Back to our regularly-scheduled programming

We can integrate $\arccos(x)$ and we can integrate $\frac{\sqrt{1-x^2}}{x}$, so we’re done: $I = \br{\ln(x)-1}\br{x \arccos(x)-\sqrt{1-x^2}} + \sqrt{1-x^2}-\ln(\sqrt{1-x^2}+1)+\ln(x)$. Plus a constant. That’s a mess, but it agrees with WA. Phew.

Our second contestant… ILATE

This time, with $u = \arccos(x)$, we get $u’ = -\frac{1}{\sqrt{1-x^2}}$; with $v’ = \ln(x)$, we get $v = x\br{\ln(x)-1}$, using a similar trick as for arccosine.

The integral via parts is $I = x\br{\ln(x)-1}\arccos(x) + \int \frac{x\br{\ln(x)-1}}{\sqrt{1-x^2}} \dx$

Now we can apply parts again, with $U=\ln(x)-1$ and $V’ = \frac{x}{\sqrt{1-x^2}}$, so that $U’=\frac{1}{x}$ and $V = -\sqrt{1-x^2}$.
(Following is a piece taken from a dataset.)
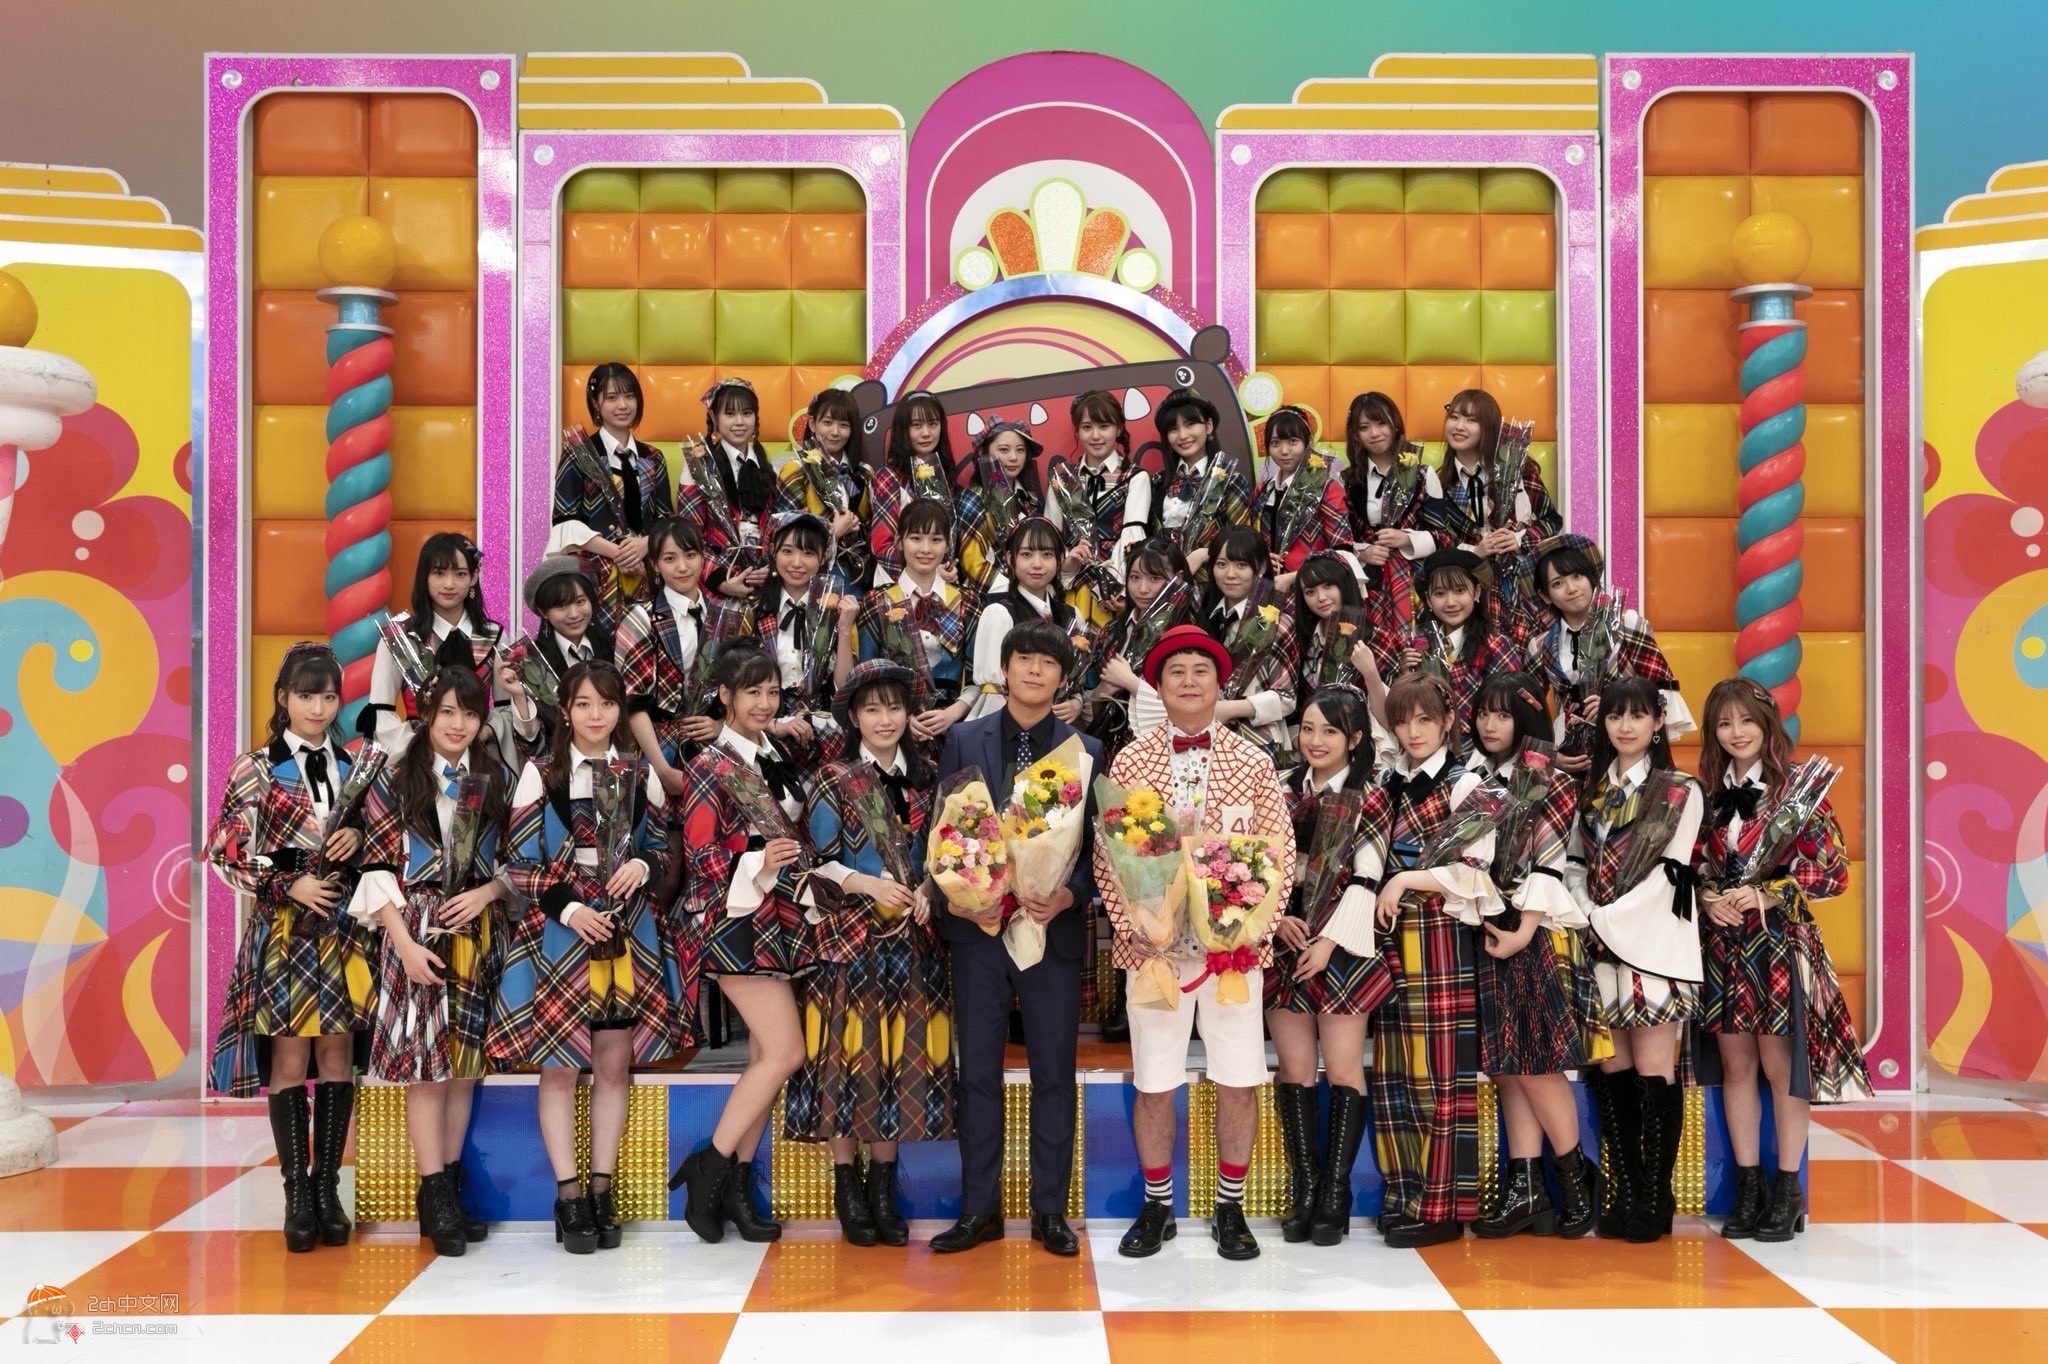 2ch：初期的AKB48和现在的AKB48对比

This gives $(1-\ln(x))\sqrt{1-x^2}+ \int \frac{\sqrt{1-x^2}}{x}dx$

And that final integral is the same as the one from the aside above.

Putting it all together gives $I = x\br{\ln(x)-1}\arccos(x) + (1-\ln(x))\sqrt{1-x^2} + \sqrt{1-x^2}-\ln(\sqrt{1-x^2}+1)+\ln(x)$. Plus a constant - again, agreeing with WA.

And the results are in!

In honesty, neither of the two alternatives stands out as a great deal worse than the other. Both involve some pretty sharp integration, and I’d be inclined to put the two on the same footing at the top.

The moral of the story: mnemonics aren’t set in stone; I can imagine situations where either of the factors may be preferable as a thing to differentiate or to integrate. ILATE and LIATE are useful guides, but developing your instinct for how to approach nasty integrals is much better than slavishly following them.